Page MenuHomePhabricator

Alert when elasticsearch has shards larger than a maximum size
Closed, ResolvedPublic

Description

We have a documented rule that shards on the cirrus cluster should be 30GB max. When shards start to grow over this limit, relocation of shards becomes complicated and we should increase the number of shards for this index. We have been surprised a few times by shards growing up to 70GB.

An icinga check, running at low frequency (once per day is enough) would help identify those shards in a timely fashion. This check should have warning and critical threshold. It should report the indices that have shards over limit.

Event Timeline

Restricted Application added a subscriber: Aklapper. · View Herald Transcript
Gehel triaged this task as Medium priority.Sep 5 2018, 8:18 AM

Change 458891 had a related patch set uploaded (by Mathew.onipe; owner: Mathew.onipe):
[operations/puppet@production] elasticsearch shard size check * Checks shard size and sends alert if more than 30gb.

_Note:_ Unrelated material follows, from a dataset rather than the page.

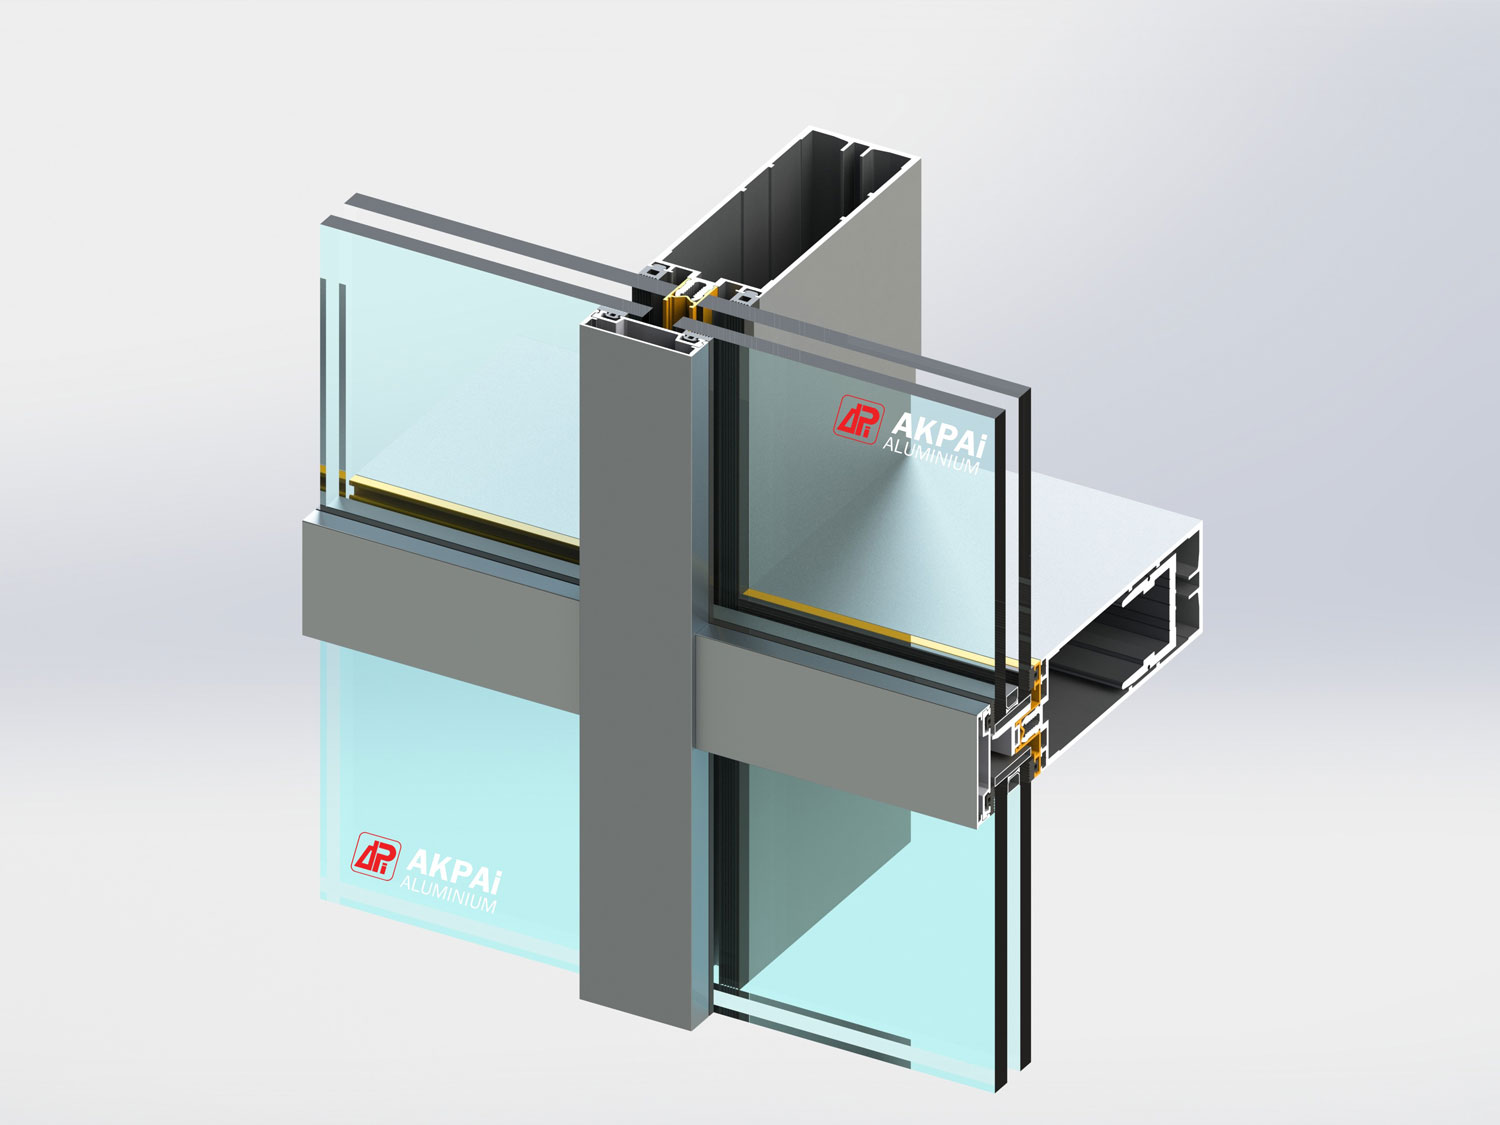 60mm caped curtainwall system

https://gerrit.wikimedia.org/r/458891

Output of testing the shard size check script on relforge:

onimisionipe@relforge1001:~/tests$ python3 shard_el.py --shard-size-warning 25 --shard-size-critical 40
CRITICAL - stas_wikidata_test:6 (size=49gb), stas_wikidata_test:5 (size=49gb), stas_wikidata_test:4 (size=49gb), stas_wikidata_test:3 (size=49gb), stas_wikidata_test:2 (size=49gb), stas_wikidata_test:1 (size=49gb), stas_wikidata_test:0 (size=49gb), commons_image_quality:14 (size=30gb), commons_image_quality:11 (size=30gb), commons_image_quality:10 (size=30gb), commons_image_quality:8 (size=29gb), commons_image_quality:2 (size=29gb), commons_image_quality:7 (size=27gb), commons_image_quality:6 (size=27gb), commons_image_quality:3 (size=27gb), commons_image_quality:0 (size=27gb), commons_image_quality:5 (size=26gb)

Change 458891 merged by Gehel:
[operations/puppet@production] Elasticsearch shard size check

https://gerrit.wikimedia.org/r/458891